Analisis menggunakan data BPS 2023 dari 34 provinsi di Indonesia dengan variabel:
Sumber Data: - Data IPM BPS - Data Angka Harapan Hidup - Data APM SMA - Data TPP SMA
# Install dan load packages
if (!require("pacman")) install.packages("pacman")
pacman::p_load(
readr, dplyr, ggplot2, tidyr, stats, car,
broom, GGally, ggcorrplot, performance,
kableExtra, reshape2, lmtest, nortest
)
blue_main <- "#1976d2"
blue_soft <- "#bbdefb"
blue_dark <- "#1565c0"
theme_set(
theme_minimal(base_size = 13) +
theme(
plot.title = element_text(face = "bold", color = blue_dark, size = 14),
plot.subtitle = element_text(color = "gray40", size = 11),
axis.title = element_text(color = blue_dark),
panel.grid.minor = element_blank()
)
)
# Set working directory (sesuaikan dengan lokasi file Anda)

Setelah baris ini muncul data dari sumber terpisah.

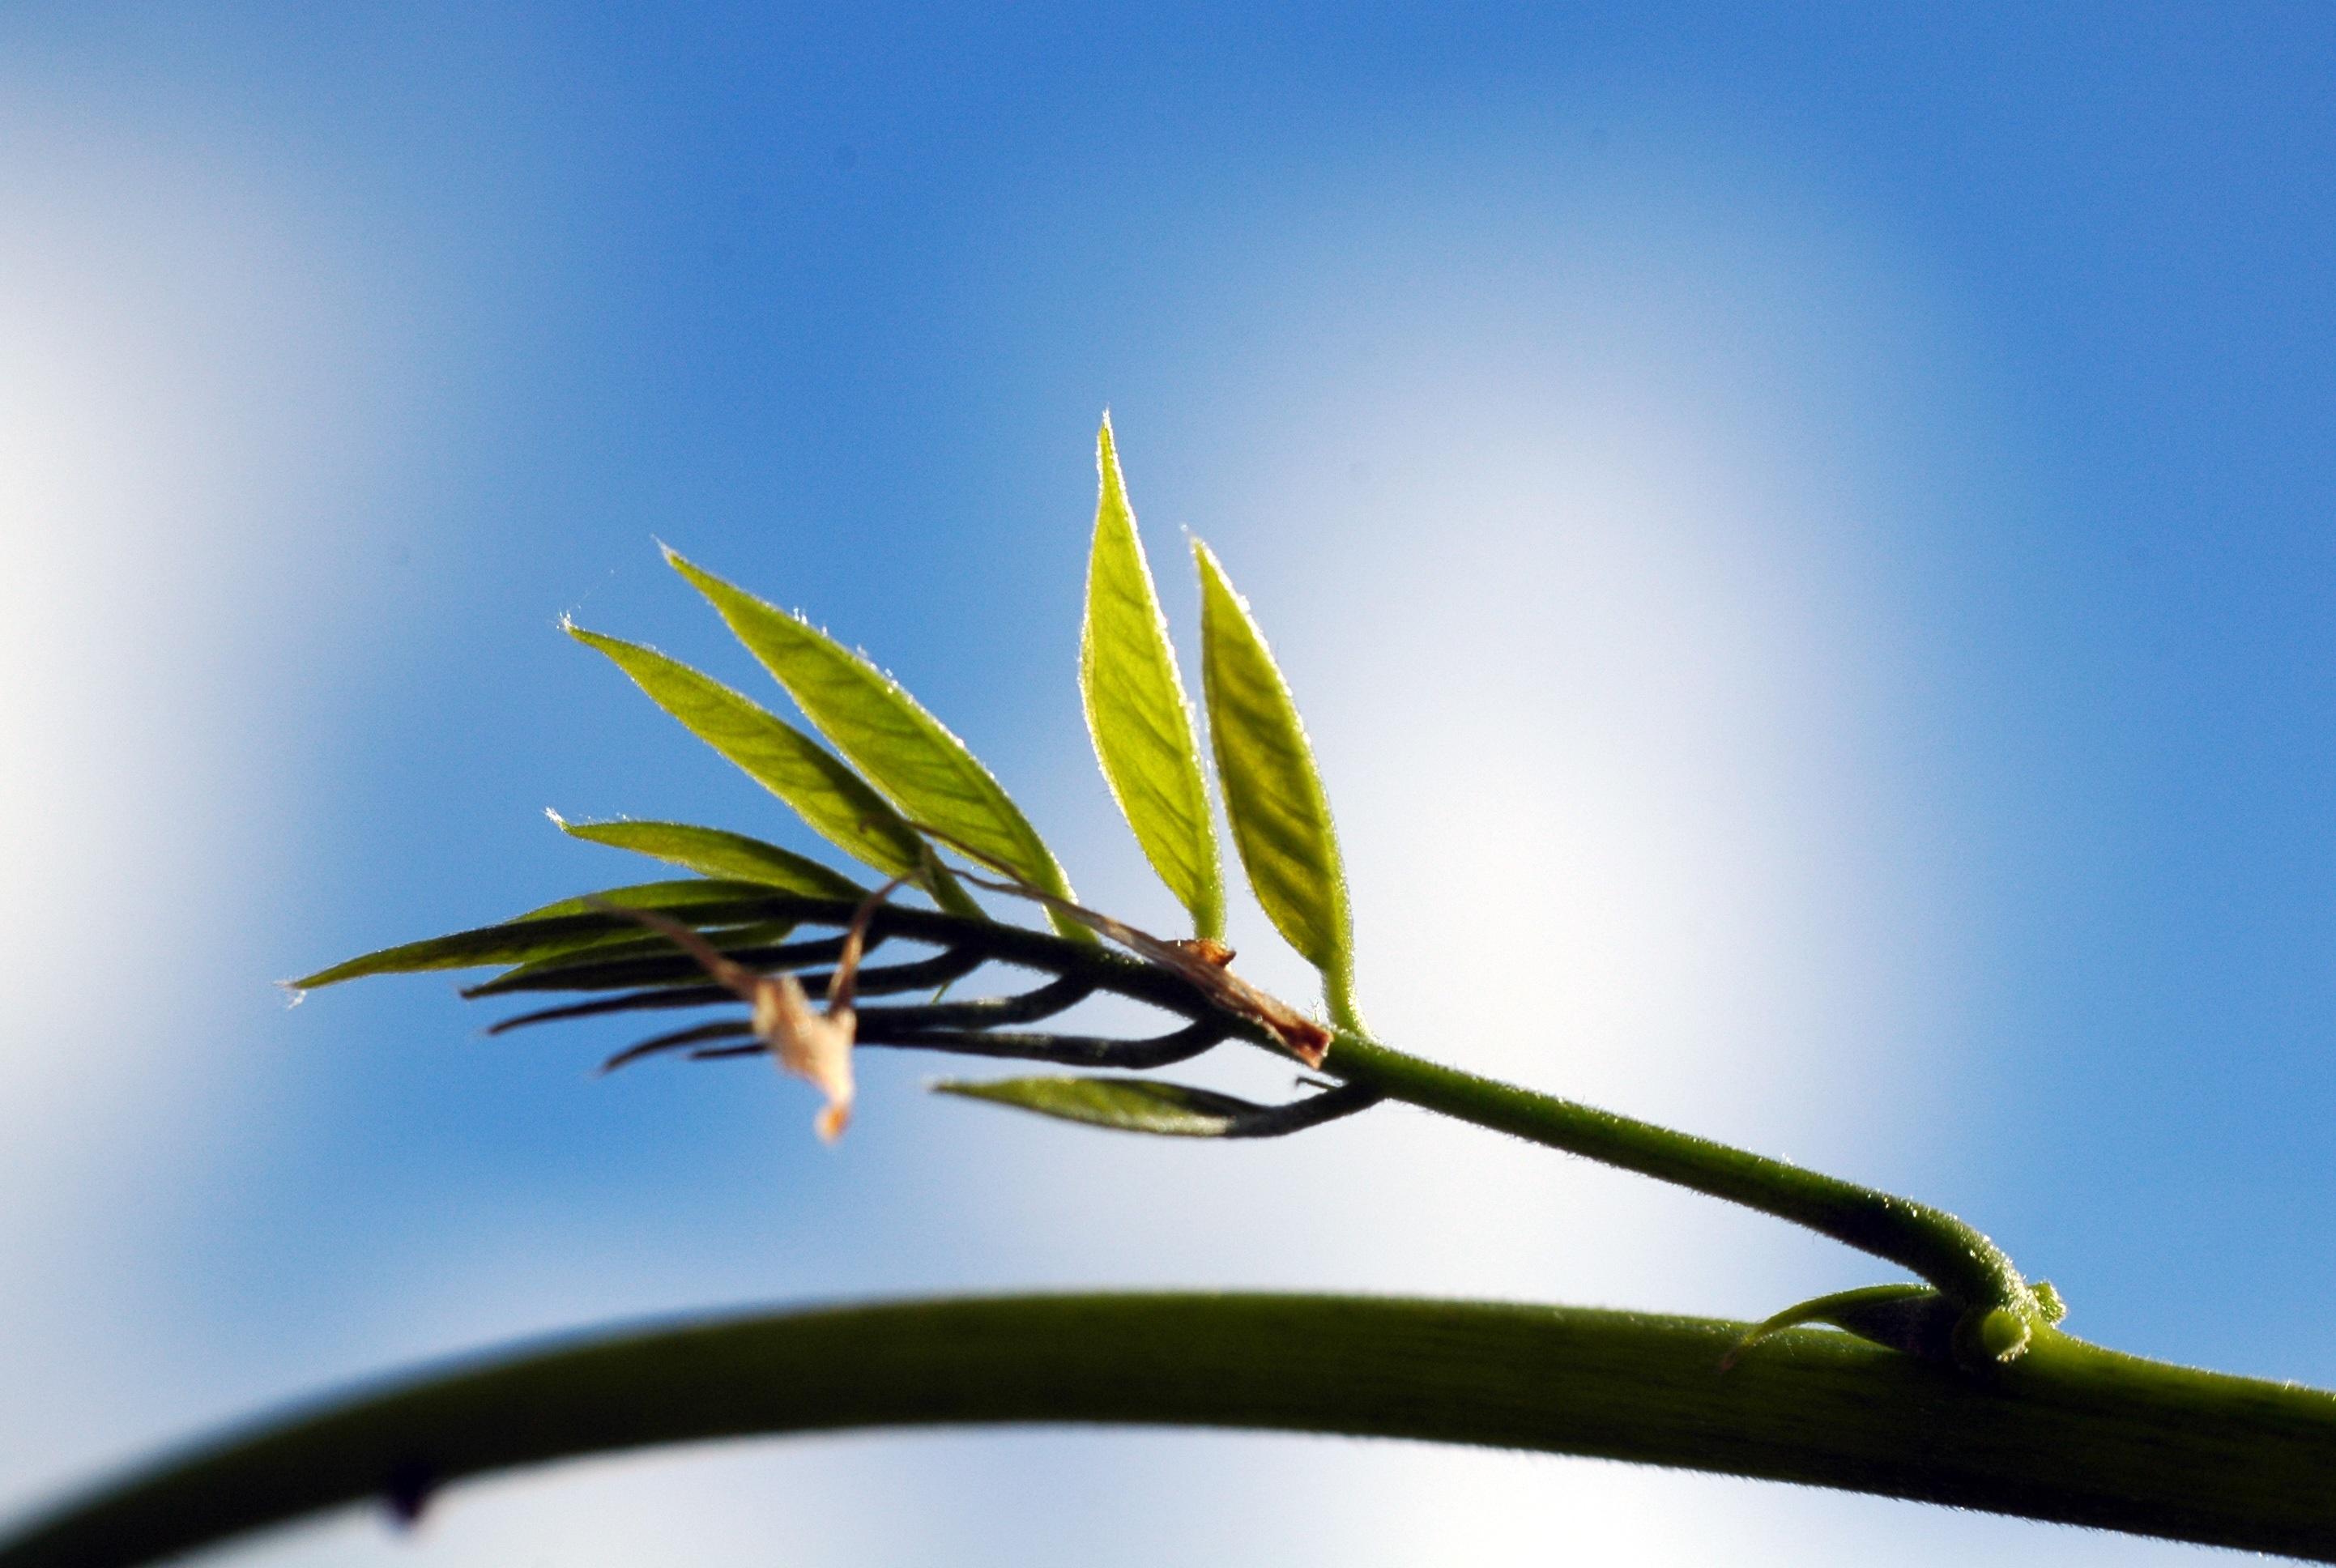 Fotoğraf Ağaç Doğa çimen şube Gökyüzü Fotoğrafçılık Güneş
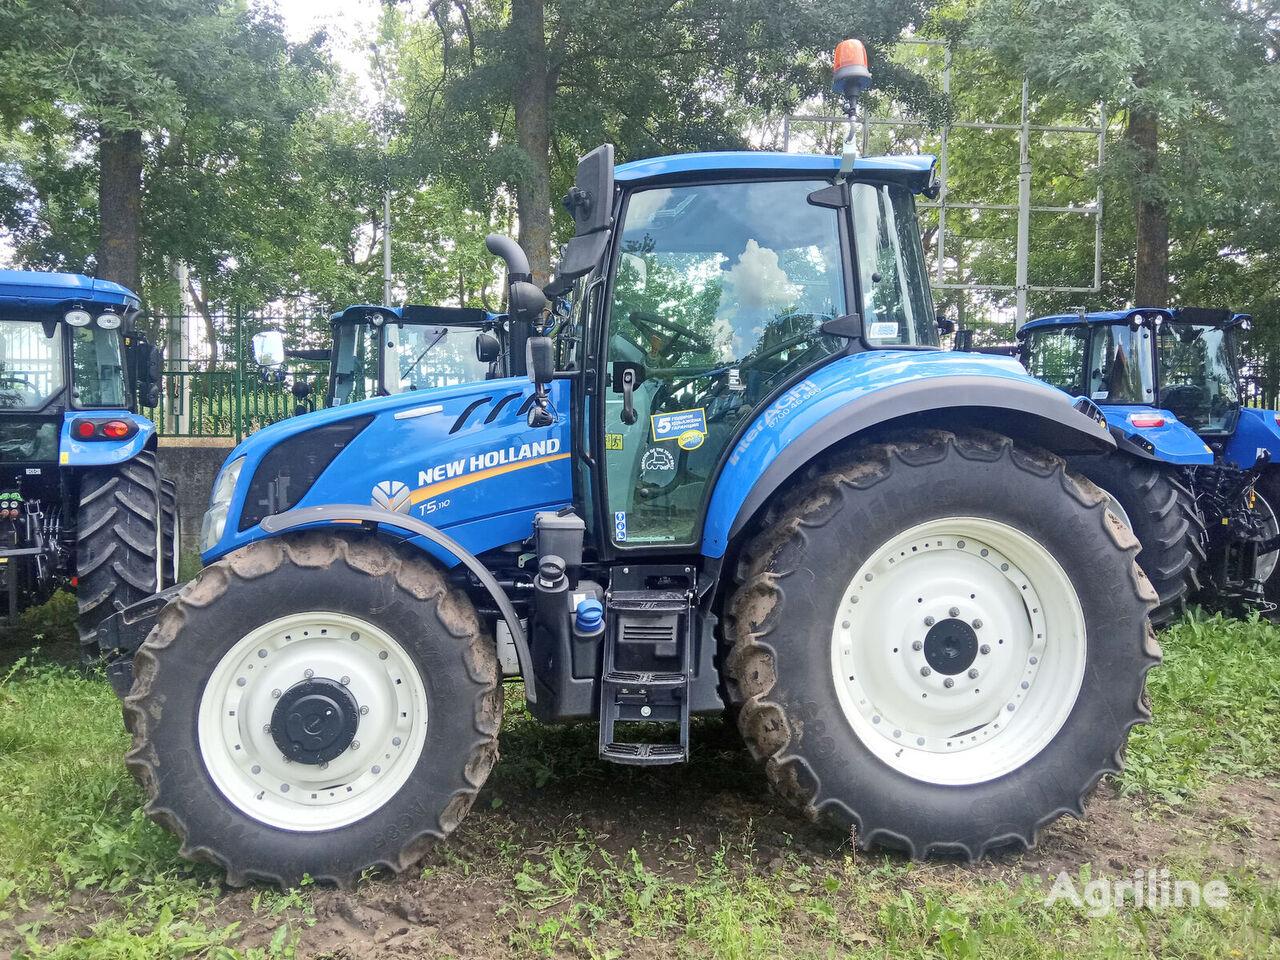 трактор колісний NEW HOLLAND T5.110 EC T4B TMR

# setwd("D:/DOWNLOAD/tugas 2 data sains/tugas 2")
# Import data
ipm <- read_delim("IPM.csv", delim = ";", trim_ws = TRUE, show_col_types = FALSE)
ahh <- read_delim("AHH.csv", delim = ";", trim_ws = TRUE, show_col_types = FALSE)
apm_sma <- read_delim("APM SMA.csv", delim = ";", trim_ws = TRUE, show_col_types = FALSE)
tpp <- read_delim("TPP.csv", delim = ";", trim_ws = TRUE, show_col_types = FALSE)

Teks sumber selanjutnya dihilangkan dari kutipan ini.